Families explore their creativity and leave with more than paint on canvas
Thanks to donors, stress-reducing art workshops help kids with cancer
“This is so relaxing! I don’t know why I don’t do it more often.”
This July, Cancer Services provided families the opportunity to enjoy creating art together. Facilitators Nancy Rhee and Lauren Vanderhorst guided children with cancer, their siblings, and adult caretakers through two art projects.
Rhee was inspired by the work of Italian Renaissance artist Guiseppe Arcimboldo. After a brief lesson introducing everyone to Arcimboldo and his art, Rhee instructed attendees to arrange fresh fruit into a human portrait. They then drew a still life of their fruit portraits using colored pencils. Moving forward, Rhee wanted the families to see joy and delight in unexpected places. She said, “Life isn’t always the way it appears. Out of chaos, surprise, joy and laughter can emerge.”
Vanderhorst guided attendees step-by-step on how to paint koi fish in a pond.

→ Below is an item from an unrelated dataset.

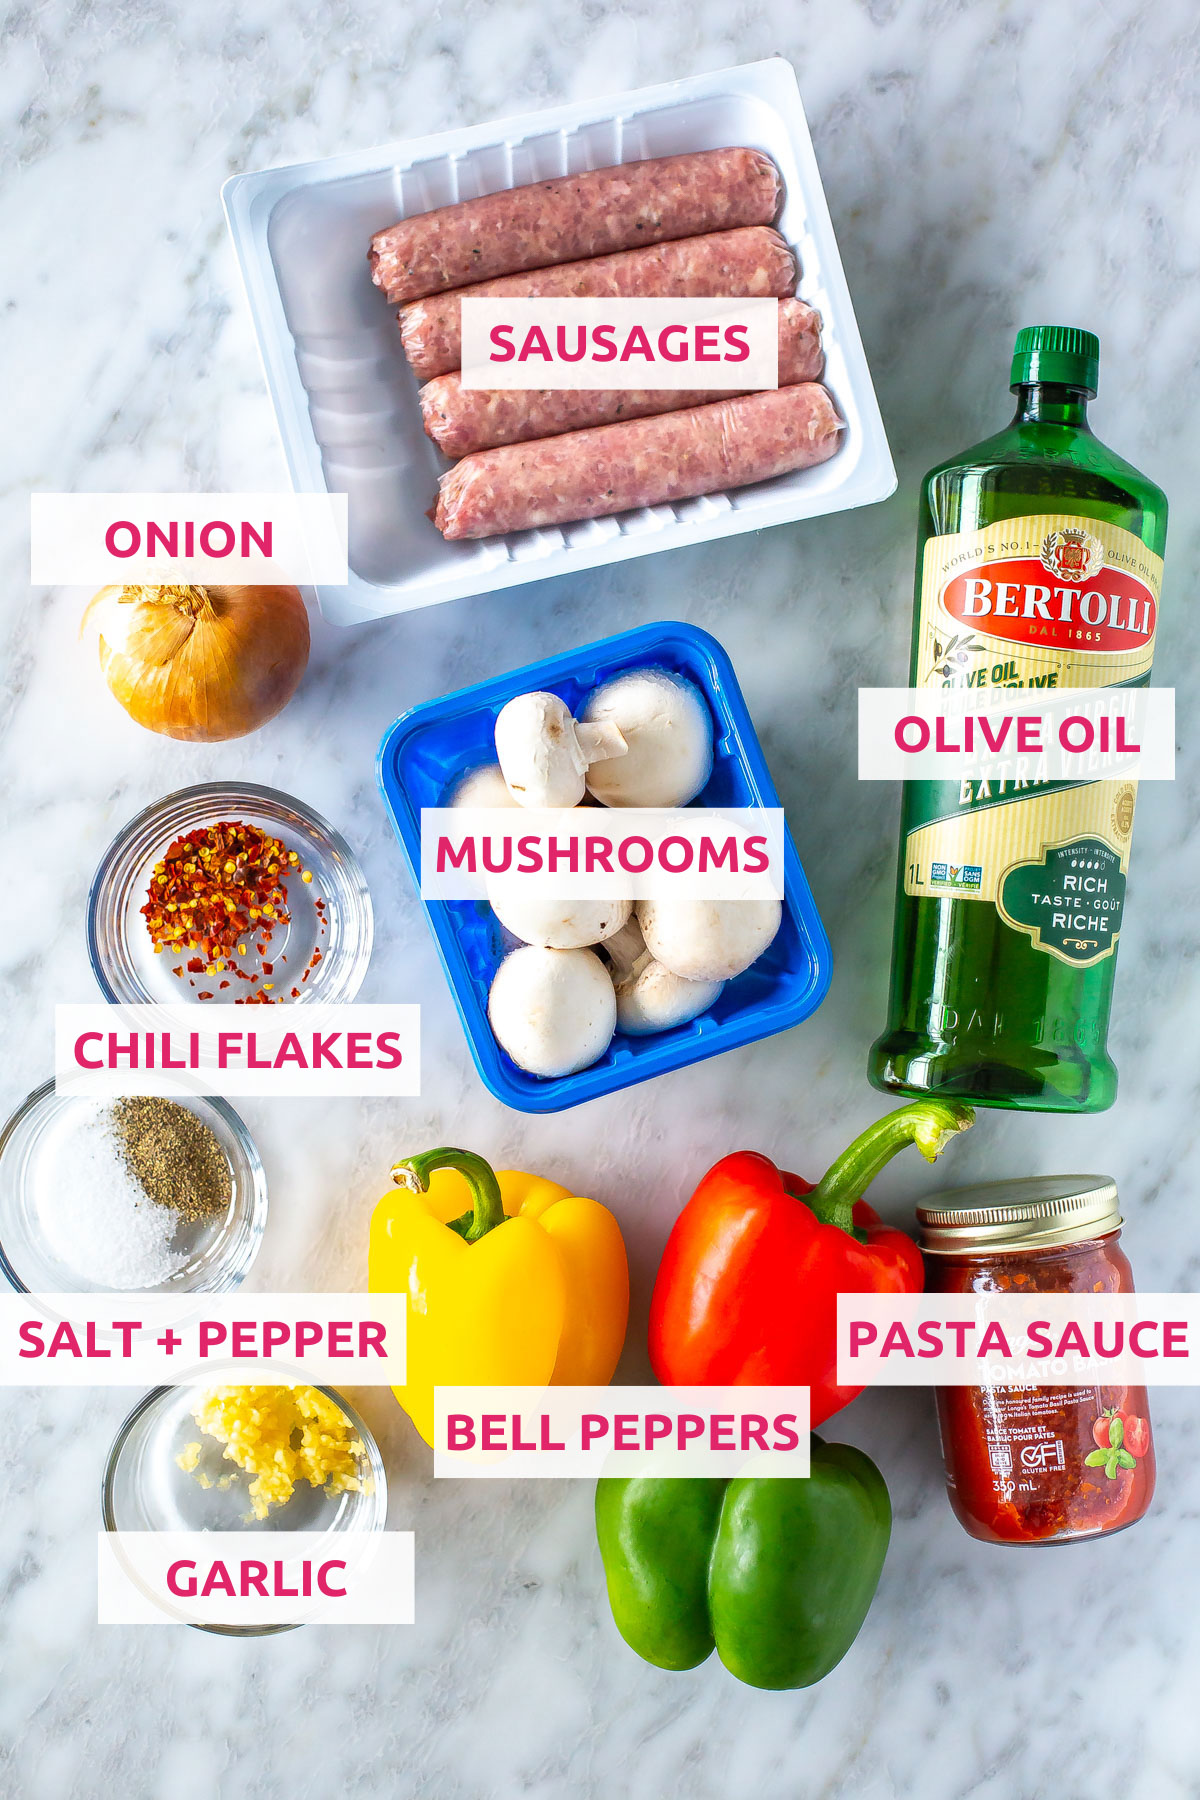 Ingredients for sausage, peppers and onions: sausages, olive oil, mushrooms, onion, bell peppers, chili flakes, garlic, pasta sauce and salt and pepper.

As they painted, the group reflected on the meaning of hope and picked an important person in their life for the fish to represent. Vanderhorst shared that many attendees painted a school of fish to represent their families. She encouraged everyone to get creative by picking their own colors and rearranging the elements of the pond. Vanderhorst explained, “I wanted the kids and parents to find joy in the process of creating a painting…There are times when your painting is not going how you want it to. But pushing through and working with your mistakes will create lovely results.”
Attendees proudly display their completed artwork. You helped make the smiles on their faces happen!
Creative expression can be hugely beneficial to cancer survivors. A 2013 review of clinical trials found that studies typically showed engaging in creative arts reduced anxiety, depression, and pain and improved quality of life for people with cancer (Puetz, Morley, & Herring, Effects of Creative Arts Therapies on Psychological Symptoms and Quality of Life in Patients With Cancer, published in JAMA Internal Medicine). Artistic endeavors also give people with cancer an opportunity to express their emotions, journey, and challenges without using words. It can offer a sense of control at a time when they feel like their diagnosis, doctors, and treatment schedule is in charge (Cultivating Connections: The Role Creative Expression Plays in the Brain Tumor Community, published by National Brain Tumor Society at braintumor.org).
According to the National Brain Tumor Society, creative expression can also help caregivers. Caregivers experience many challenges while caring for a loved one with cancer that leave them feeling anxious, depressed, and not in control of their lives.
To offer access to these benefits to people with cancer in our community, Cancer Services of Northeast Indiana has offered art workshops regularly for years. Workshops explore a variety of media, including watercolor, acrylics, photography, sketching, poetry, and most recently, calligraphy.
A girl works diligently on her koi fish painting.
As hoped, not only the children enjoyed the session. Parents also appreciated the time. One of the attending mothers told Rhee, “This is so relaxing! I don’t know why I don’t do this more often.”
On the surface, Family Art for the Heart was just a fun day for kids with cancer to spend time with their families. But on a deeper level, the event gave children and parents a chance to relax, to be themselves, and to make something they could be proud of. There’s no overestimating what an amazing impact this opportunity had on the families who joined us.
Your financial support makes programs like Family Art for the Heart possible. Thank you for caring about the mental and emotional wellness of people impacted by cancer.